Freeflow #2: For the human condition

As the wheel of american politics turns, the more inclined I am to view the u.s. as a plastic country, a plastic culture, one that has been hollowed out. Along with our identities and our abilities to create meaning from our experiences, they've been metabolized into social control, to feed systems that funnel wealth and power back to the already wealthy and powerful. Everything we have has been becoming more and more empty, more removed from substance and truth, concealing our society's most pain-inducing contradictions. As I listen to Justin Scott (@cypher.j on TikTok) discussing the kind of moment we're living in, I feel the current state of the world highlights important conflicts in the human condition that we've been grappling with for ages, especially how we survive as humans, whose survival do we strive for, and who gets to decide.
This time is yet another where we are confronted with the darker aspects of the human condition, where we are faced with the consequences of apathy, distrust, (false) individualism, unreality, deception, domination, obedience, exploitation, etc., and the violence that emerges from them. When these appear, they are readily exploited to satiate ruling class appetites for power, to line their pockets while our people suffer and our planet is scorched. The ruling class designs crisis, manufacturing consent for the expansion of their control. They feign dissent and engineer distractions to conceal the project of continuing and expanding enslavement, so that they can pursue endless material gain without accountability and in plain sight.

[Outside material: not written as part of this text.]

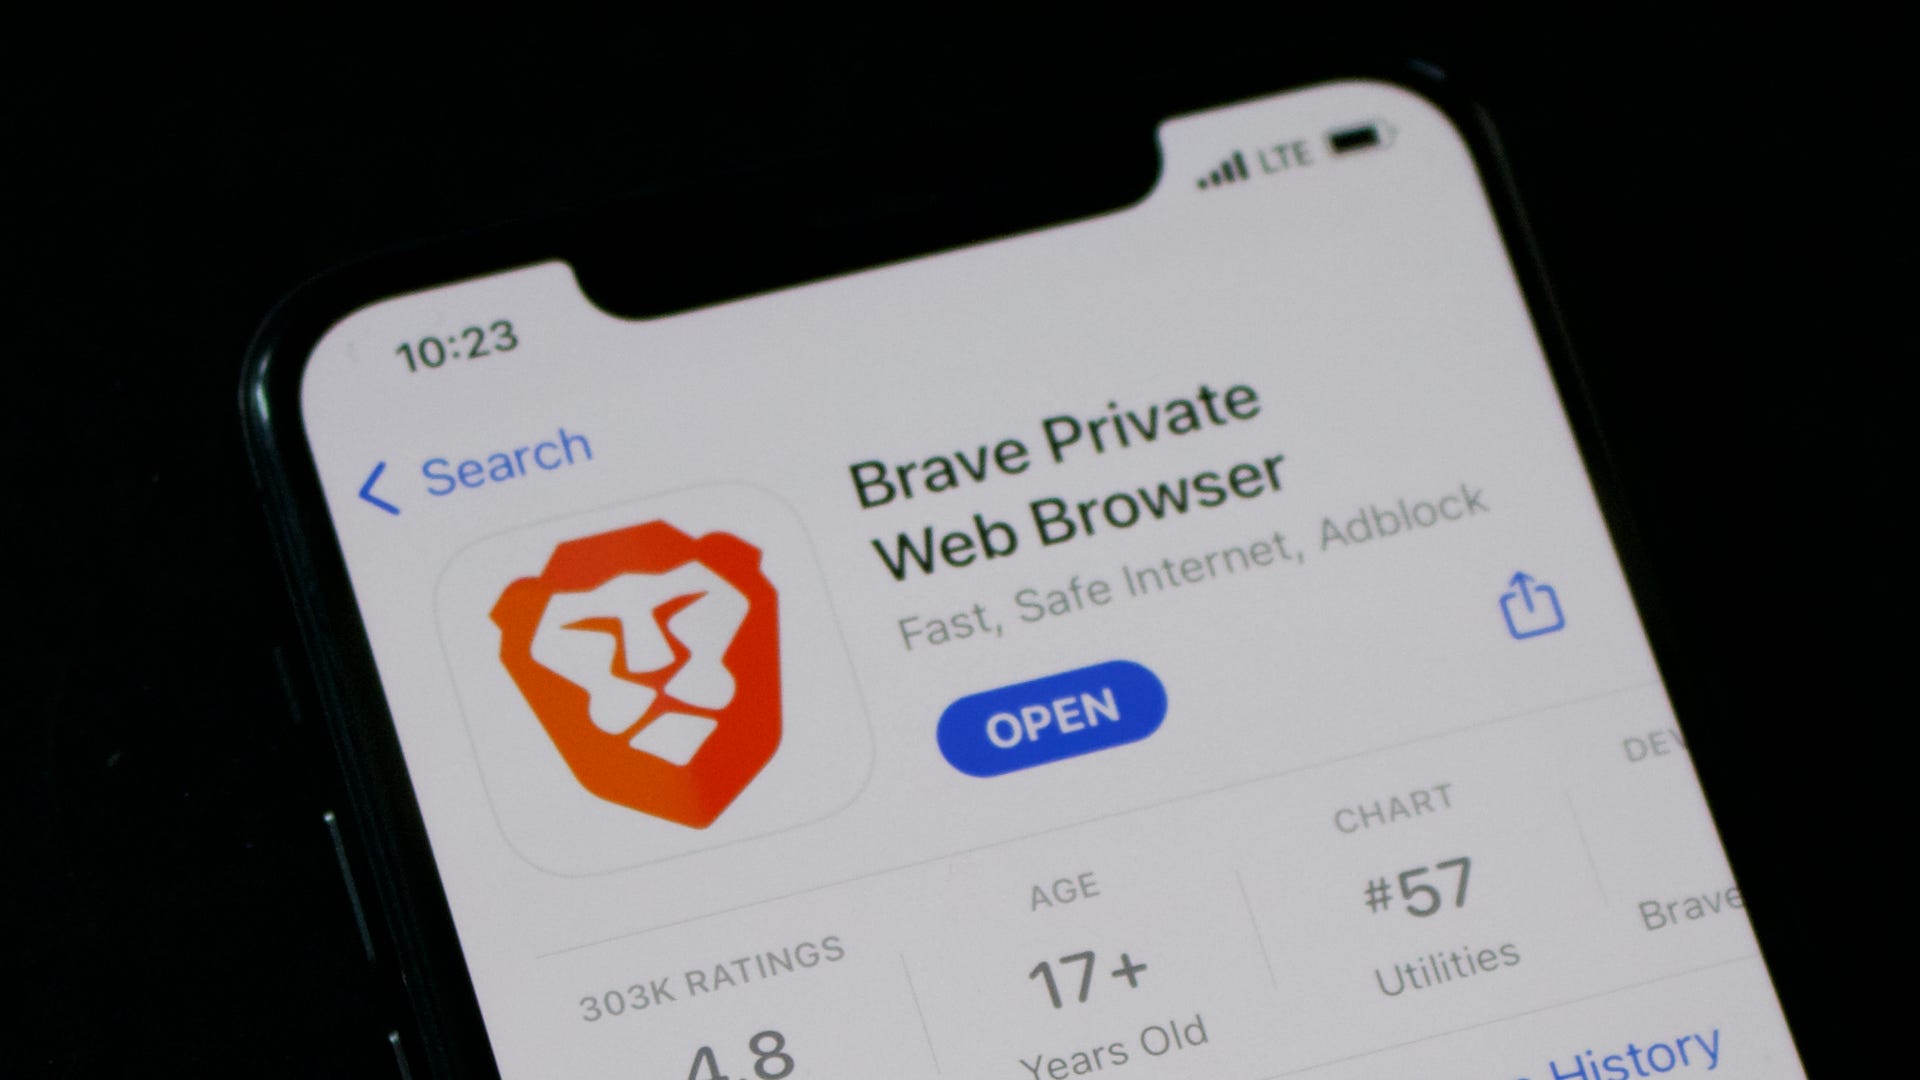 brave-browser-trova-un-modo-innovativo-per-aumentare-ulteriormente-la-privacy

Against this inhumanity, we have to reach for truth, seek understanding, and become conscious with the world. We have to tell our stories, create our own meaning beyond the systems they have set up for us, and reclaim our collective soul. We have to give new substance to love, to healing, to emotion, to power, to labor, to freedom and liberation, rather than accepting the hollow facsimiles that we have to rent from the moneyed few.

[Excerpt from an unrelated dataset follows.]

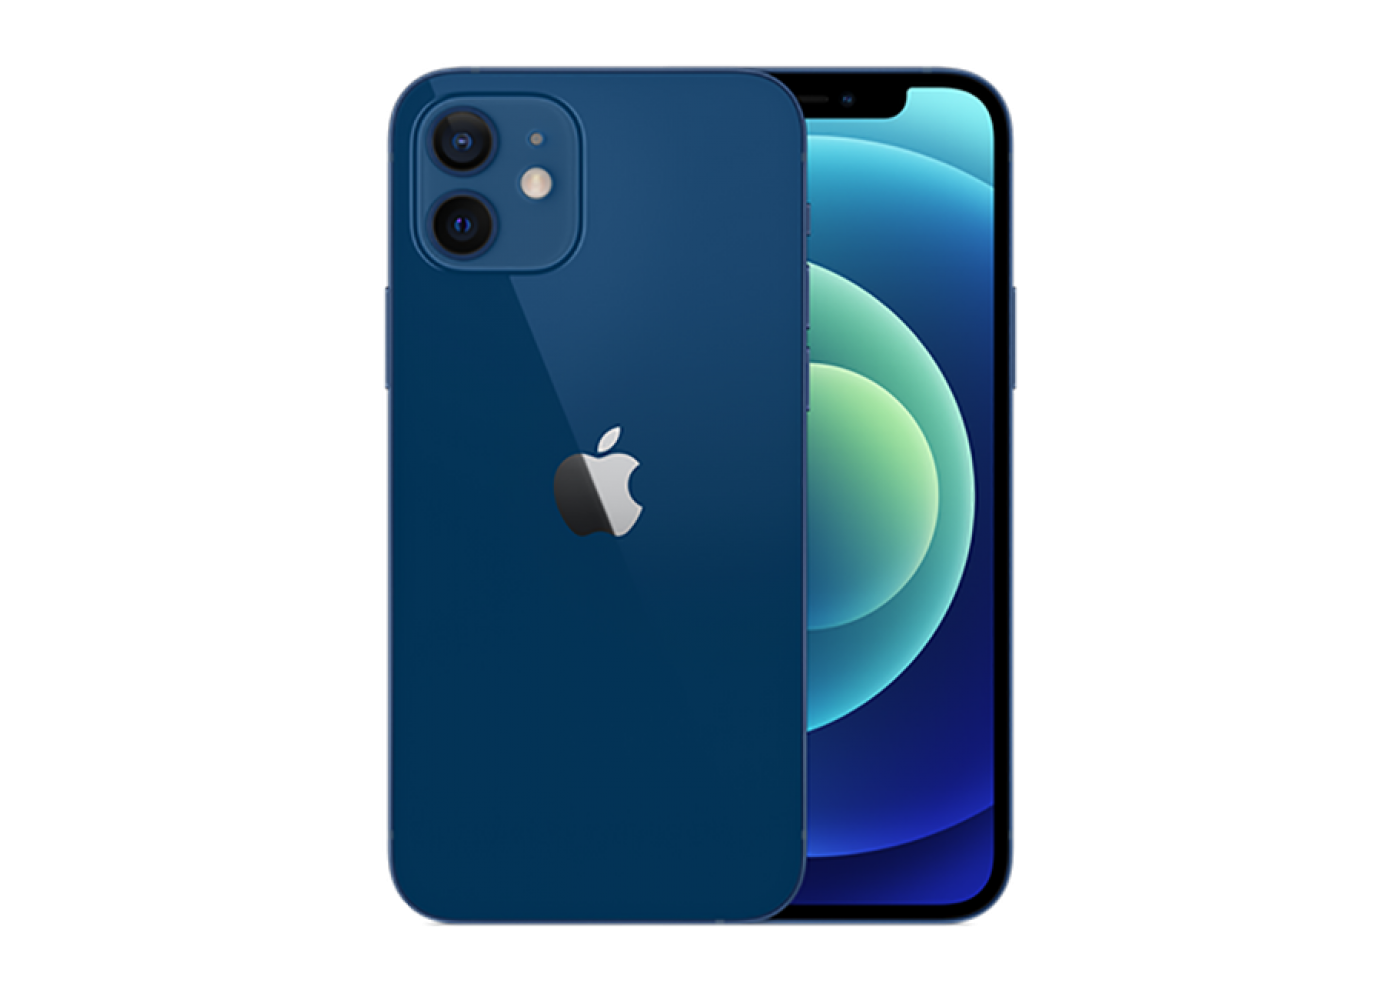 Смартфон Apple iPhone 12 mini 128Gb Blue

Our societies are big, but our villages have become small. We have to grow our village and nurture it. We have to pool together our material resources, raise our spirits, and foster connection, so that we can resist the forces of domination, control, and violence, and the impulses that lead to them. If we want to resist them, there is no out from the work of truth-telling and holding ourselves and others accountable to justice and to reality; this is a condition of our freedom, just as our freedom rests on the freedom of all others. We can't liberate ourselves if we aren't in right relationship to each other and to the world around us. We can't be in right relationship to each other without acting against senseless harm, cruelty, and violence. We can't work against these without also acknowledging ourselves as participants and perpetrators in harm and violence against other humans. The bystander who watches another's abuse or murder and does nothing to prevent it or respond to it is an abuser or murderer in their own way. We have to reject narratives that enable us to claim a false innocence, propaganda that lionizes us or aggrandizes our acts.

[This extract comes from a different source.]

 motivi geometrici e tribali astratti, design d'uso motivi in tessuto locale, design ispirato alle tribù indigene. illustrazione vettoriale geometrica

To love others and ourselves in a way that is true demands truth, honesty, responsibility, care, and commitment. While the autocrat, the dictator, the emperor, the fascist, and their servants and functionaries work against truth, take no responsibility for anyone other than their own glory, exploit others, coerce, intimidate, brutally force, hone apathy, and thrive on building an indifferent, unconscious world; we must raise consciousness and improve material circumstances for all, in order to build a world in which all may live, one in which it will be easier to love.